Nas últimas horas, a Câmara dos Deputados se tornou palco de intensas articulações em torno de uma proposta de anistia que pode alterar significativamente o cenário político brasileiro. O projeto em debate busca conceder perdão amplo a crimes e irregularidades cometidos desde 2019, o que abriria caminho para reverter punições aplicadas a aliados do ex-presidente Jair Bolsonaro e até mesmo restituir seus direitos políticos, hoje suspensos por decisão da Justiça Eleitoral.
A proposta, elaborada pelo líder do PL na Câmara, deputado Sóstenes Cavalcante (RJ), prevê que a anistia se estenda a todos investigados e condenados desde o início do governo Bolsonaro. Isso incluiria acusações ligadas aos atos de 8 de janeiro de 2023, crimes contra a honra de ministros do Supremo Tribunal Federal (STF) e ataques ao sistema eleitoral. Se aprovada, a medida derrubaria inelegibilidades já decretadas, o que permitiria que Bolsonaro voltasse a disputar as eleições de 2026.

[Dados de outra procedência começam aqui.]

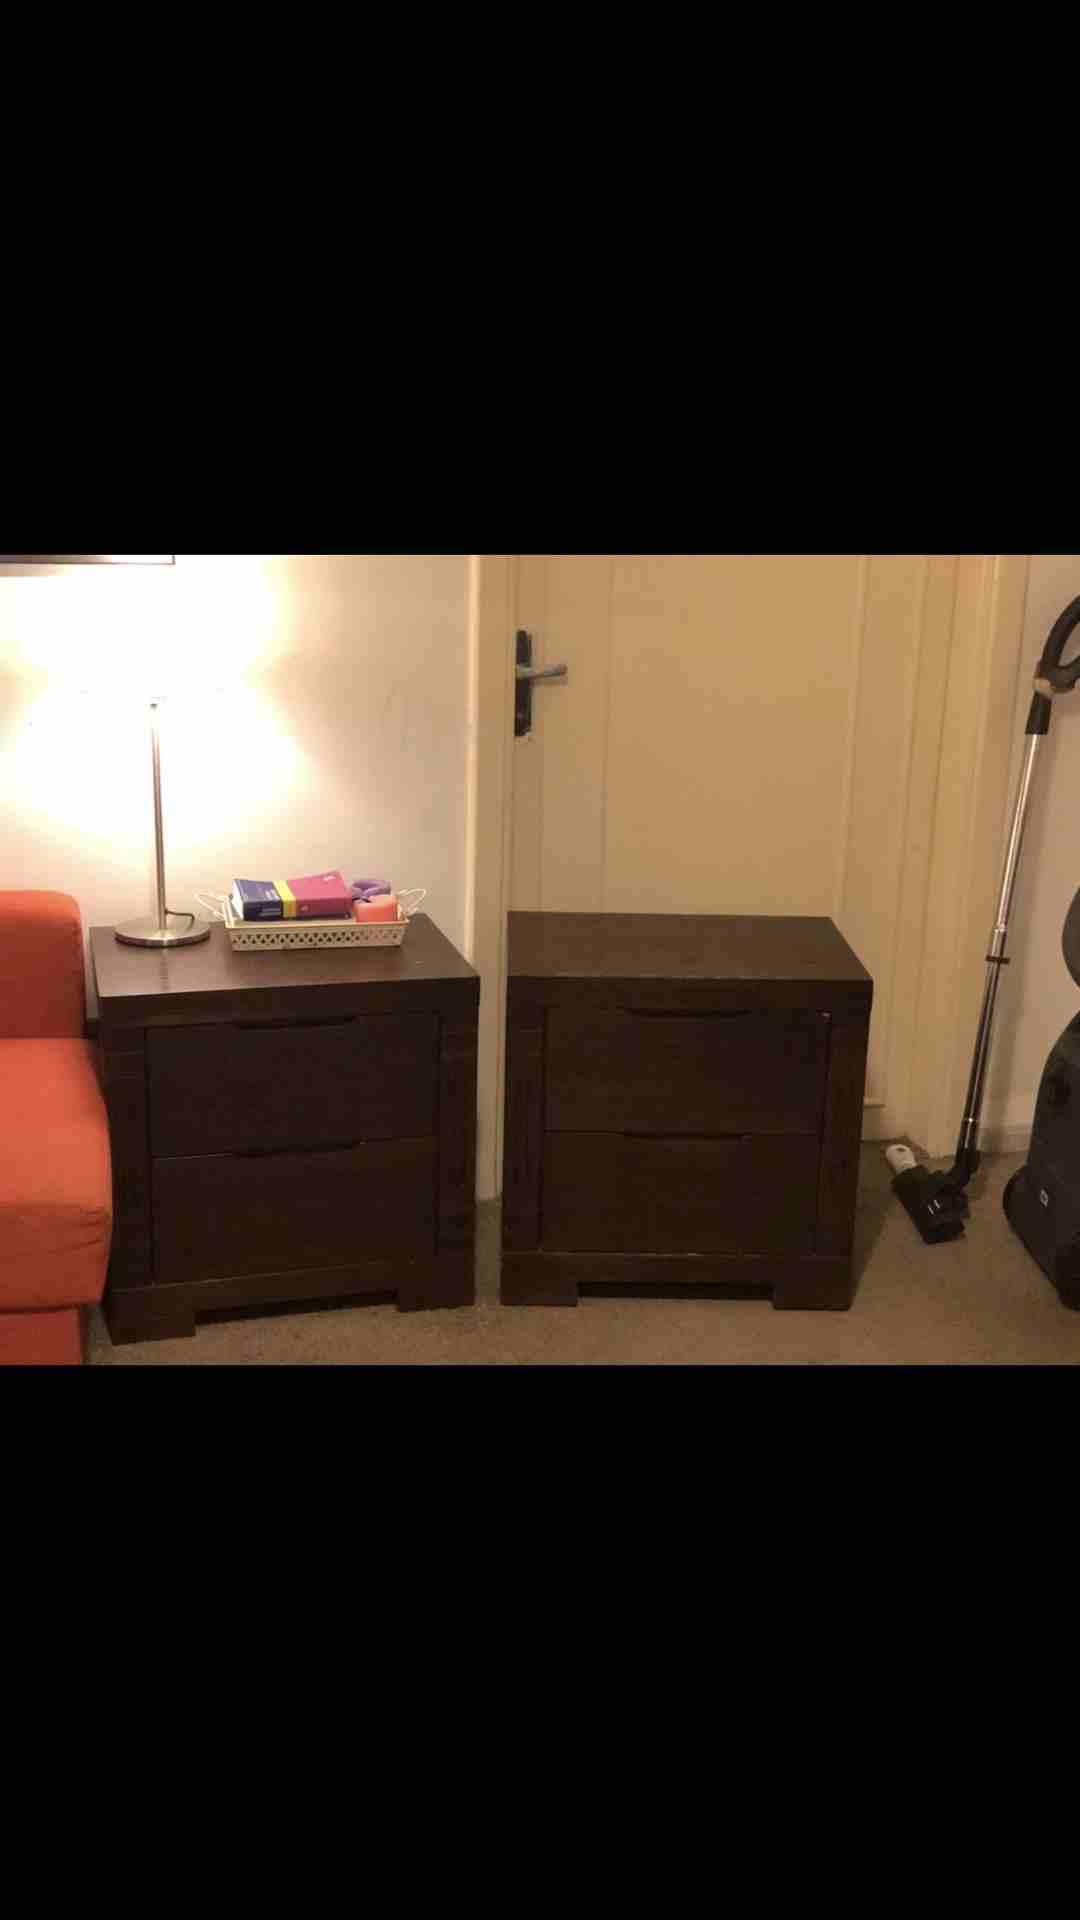 handyman 055-5269352 AL AIN electrical plumbing fixing carpentry split air condition duct air filter gas-  غرفة نوم للبيع كاملة لا...

Nos bastidores, aliados de Bolsonaro, como o governador de São Paulo, Tarcísio de Freitas, têm intensificado conversas com líderes do Centrão. Reuniões com caciques de partidos como PSD, União Brasil, PP e Republicanos visam construir uma base sólida para garantir a tramitação do texto. Eduardo Bolsonaro, deputado federal por São Paulo, foi ainda mais enfático: disse que a direita só apoiará a medida se ela for “ampla e irrestrita”, incluindo diretamente seu pai. Caso contrário, segundo ele, qualquer alternativa será tratada como traição dentro da base bolsonarista.
O movimento, no entanto, encontra resistências. No Senado, o presidente Davi Alcolumbre (União Brasil-AP) trabalha em um texto alternativo que reduziria penas e concederia benefícios a réus dos atos antidemocráticos, mas sem estender o perdão ao ex-presidente. A estratégia busca conter o desgaste político que uma anistia a Bolsonaro poderia gerar, além de evitar atritos mais intensos com o STF.
A Corte Suprema, aliás, já enviou sinais claros de que uma anistia ampla dificilmente se sustentaria juridicamente. Ministros lembram que, recentemente, o tribunal derrubou o indulto concedido por Bolsonaro ao ex-deputado Daniel Silveira, considerado inconstitucional. Para juristas, estender a medida a crimes contra a democracia seria um “ataque frontal à Constituição”.
Parlamentares da base governista também reagiram com veemência. O deputado Lindbergh Farias (PT-RJ) classificou a proposta como “um escárnio com a democracia”, enquanto o líder do PT na Câmara, Bohn Gass (RS), afirmou que “pedir anistia é apostar na impunidade de quem atentou contra o Estado de Direito”.
Apesar das divergências, a pressão dos aliados de Bolsonaro promete manter o tema no centro das atenções do Congresso. A votação da proposta, entretanto, não deve ocorrer de imediato. Sóstenes Cavalcante declarou que o projeto só será pautado após o julgamento do STF que pode resultar em nova condenação a Bolsonaro, previsto para a próxima semana.
O embate em torno da anistia escancara a disputa política que atravessa os três Poderes. De um lado, a tentativa da oposição de reabilitar Bolsonaro para 2026; de outro, a resistência de setores do Senado, do governo e do Judiciário, que veem na proposta uma ameaça às bases constitucionais do país. O desfecho dessas articulações pode redefinir não apenas o futuro político de Bolsonaro, mas também os limites da relação entre Congresso e Supremo.